The United Nations has previously warned the voluntary greenhouse gas reductions agreed in Paris may not be enough to reach the 2 degrees target anyway.Even if governments kept to their pledges.

In the worst-case scenario, the researchers predict the Earth's climate would stabilise at around 4-5C higher - hotter than any point for 1.2 million years - and with sea level increase of up to 60m.

"Climate and other global changes show us that we humans are impacting the Earth system at the global level", says coauthor Katherine Richardson, professor at the Center for Macroecology, Evolution and Climate at the University of Copenhagen.

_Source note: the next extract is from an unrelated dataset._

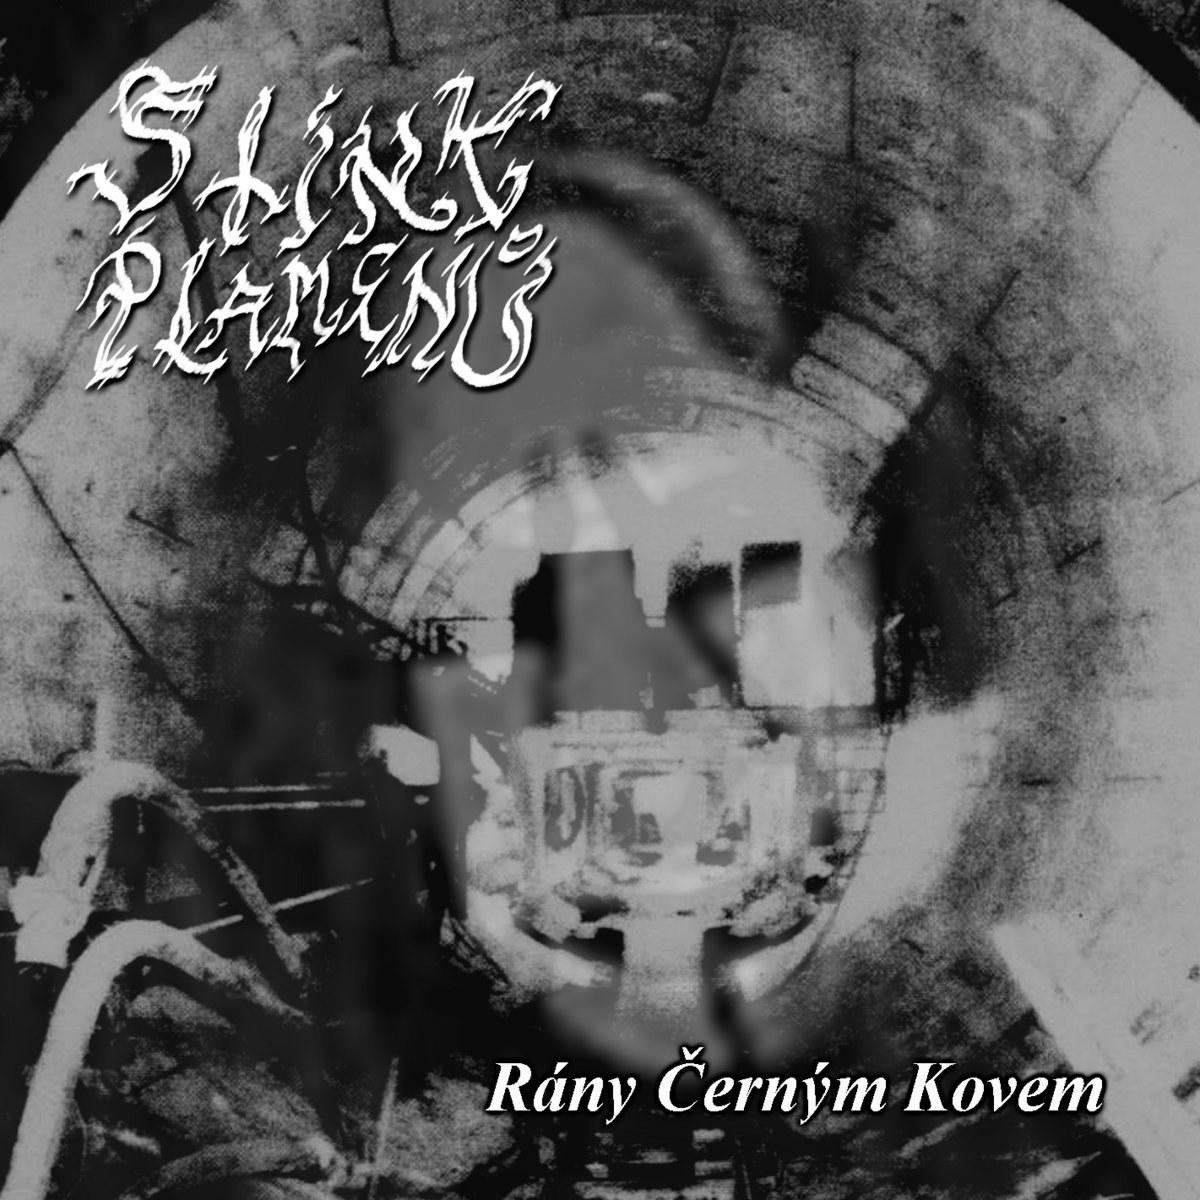 Review for Stíny Plamenů - Rány Cerným Kovem

Maximising the chances of avoiding a "Hothouse Earth" requires not only reduction of carbon dioxide and other greenhouse gas emissions but also enhancement or creation of new biological carbon stores, the scientists warn, through improved forest, agricultural and soil management; biodiversity conservation; and technologies that remove carbon dioxide from the atmosphere and store it underground.

Geo-engineering ("solar radiation management") is already part of the package, and that it will be down to human beings to manage the entire ecosystem to keep it stable.

I haven't bothered to ask Lovelock if we are there yet.